What the task asks = Take the listing below and write it out again exactly, skipping any picture that it holds.
====== Given information
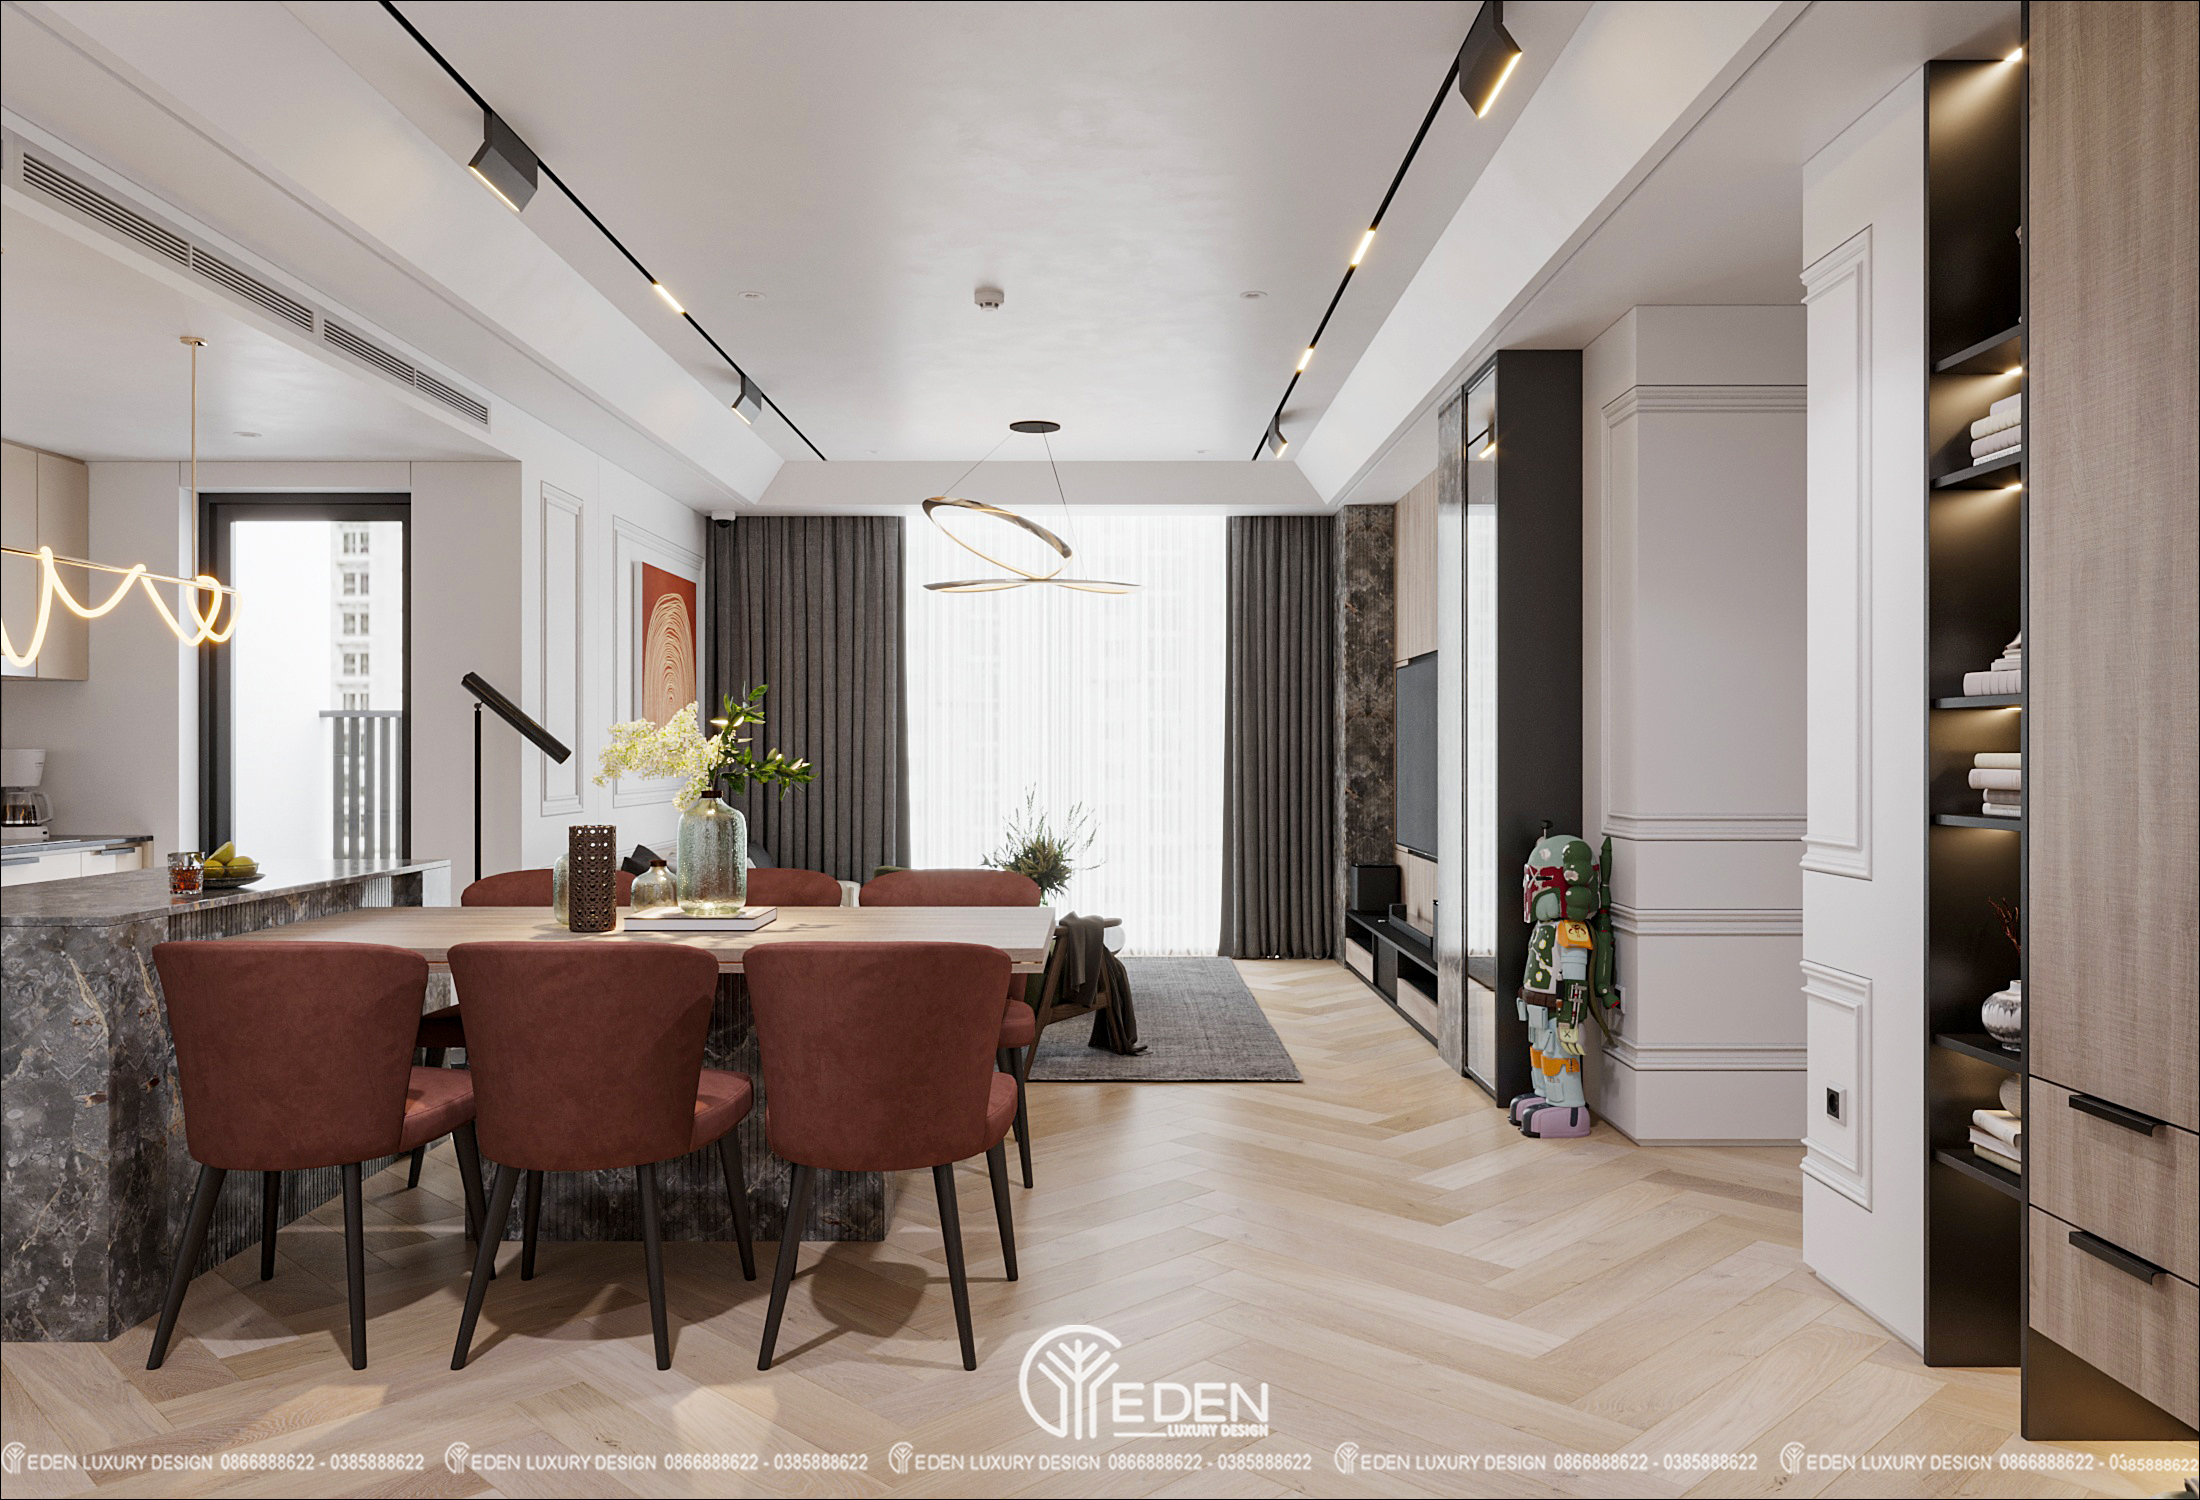 Bỏ qua những chi tiết trang trí, decor rườm rà, điểm nổi bật của căn hộ nằm ở màu sắc nội thất được phối ngẫu tự do một cách hòa hợp!
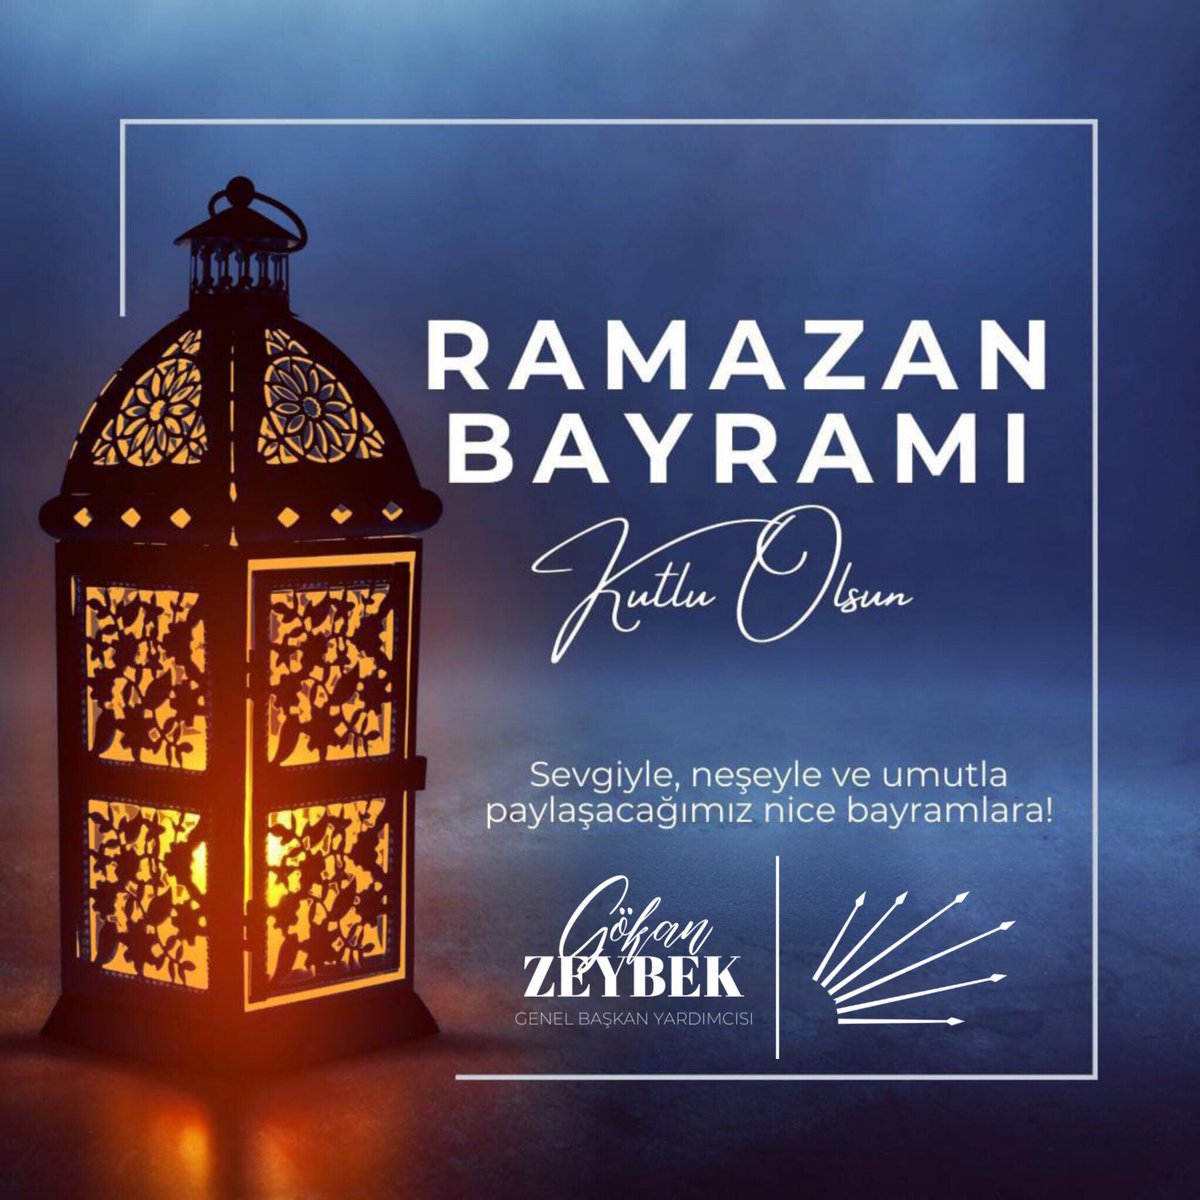 #RamazanBayramı'nın tüm insanlığa barış, huzur ve bereket getirmesini temenni ediyor, sevdiklerinizle mutlu bir bayram geçirmenizi diliyorum. Sevgiyle, neşeyle ve umutla paylaşacağımız nice bayramlara…
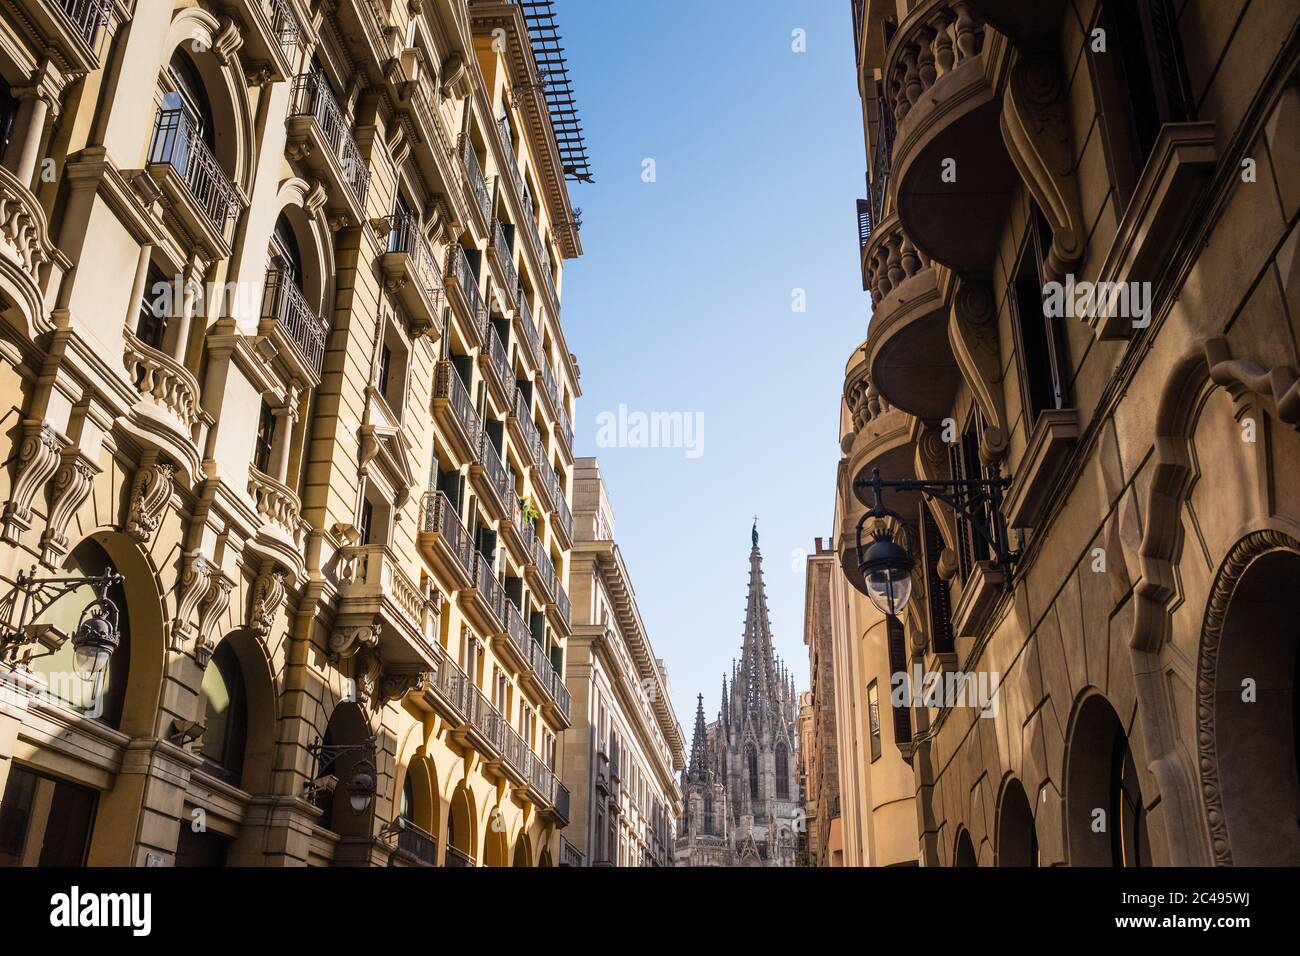 Ein erster Blick auf die Kathedrale von Barcelona kann man bei einem Spaziergang entlang der Straße Dr. Joaquim Pou sehen, einem wirklich einzigartigen Aussichtspunkt, der von den Fassaden von Gebäuden eingerahmt wird Stockfoto
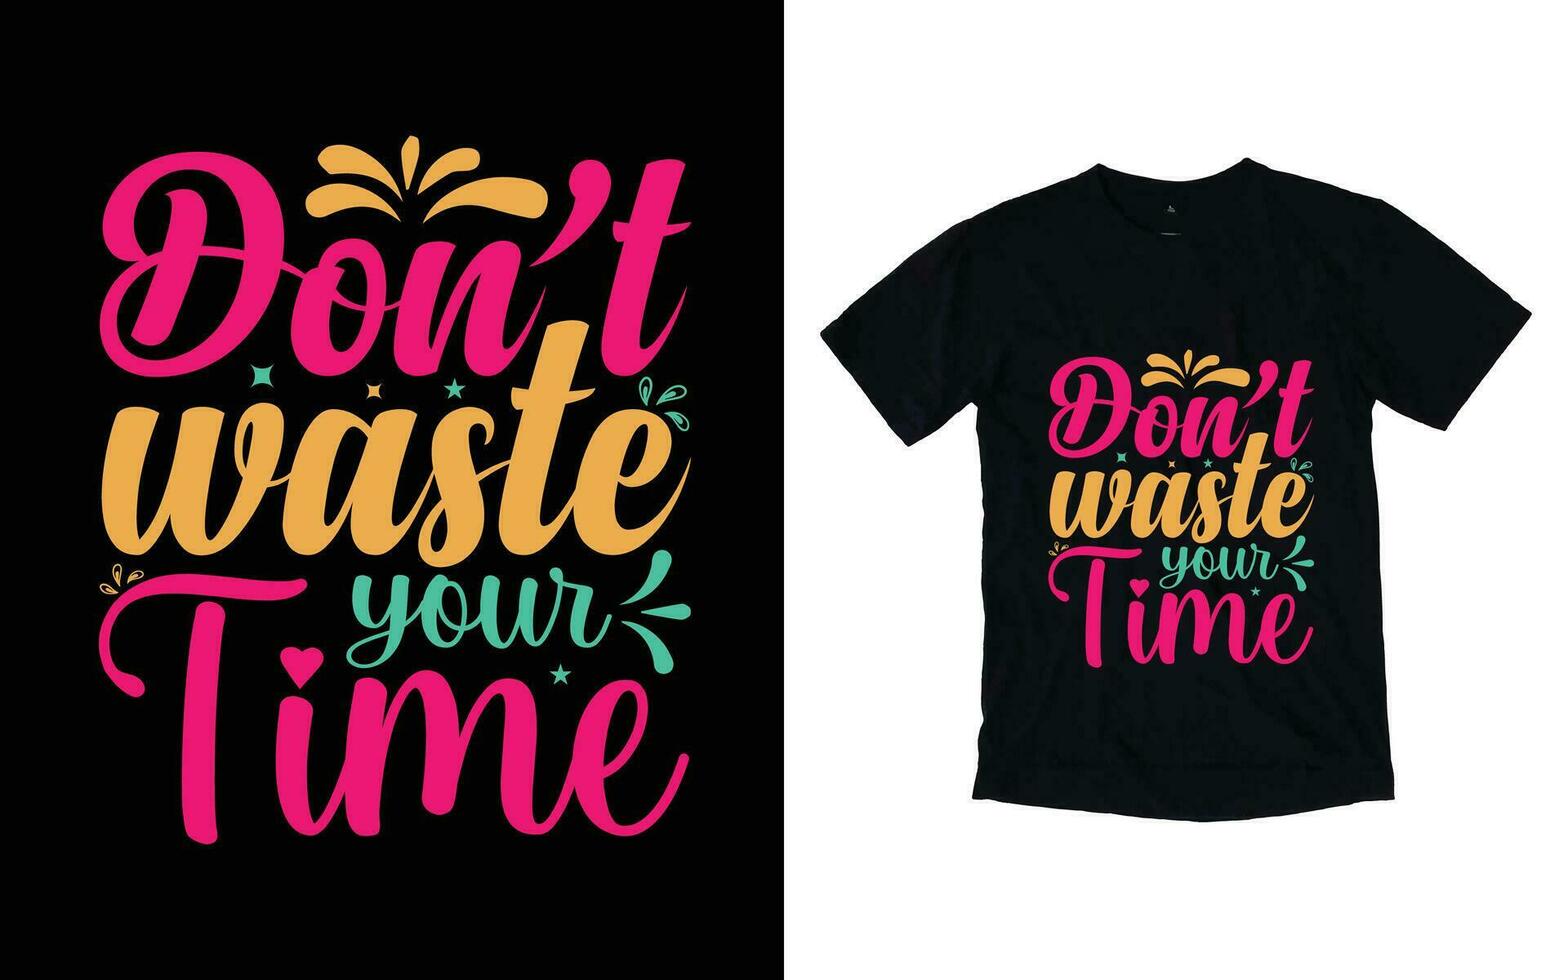 inte avfall din tid motiverande typografi t-shirt design, inspirera t-shirt design, positiv citat t-shirt design vektor
============
Reply to the exercise =
 Bỏ qua những chi tiết trang trí, decor rườm rà, điểm nổi bật của căn hộ nằm ở màu sắc nội thất được phối ngẫu tự do một cách hòa hợp!
 #RamazanBayramı'nın tüm insanlığa barış, huzur ve bereket getirmesini temenni ediyor, sevdiklerinizle mutlu bir bayram geçirmenizi diliyorum. Sevgiyle, neşeyle ve umutla paylaşacağımız nice bayramlara…
 Ein erster Blick auf die Kathedrale von Barcelona kann man bei einem Spaziergang entlang der Straße Dr. Joaquim Pou sehen, einem wirklich einzigartigen Aussichtspunkt, der von den Fassaden von Gebäuden eingerahmt wird Stockfoto
 inte avfall din tid motiverande typografi t-shirt design, inspirera t-shirt design, positiv citat t-shirt design vektor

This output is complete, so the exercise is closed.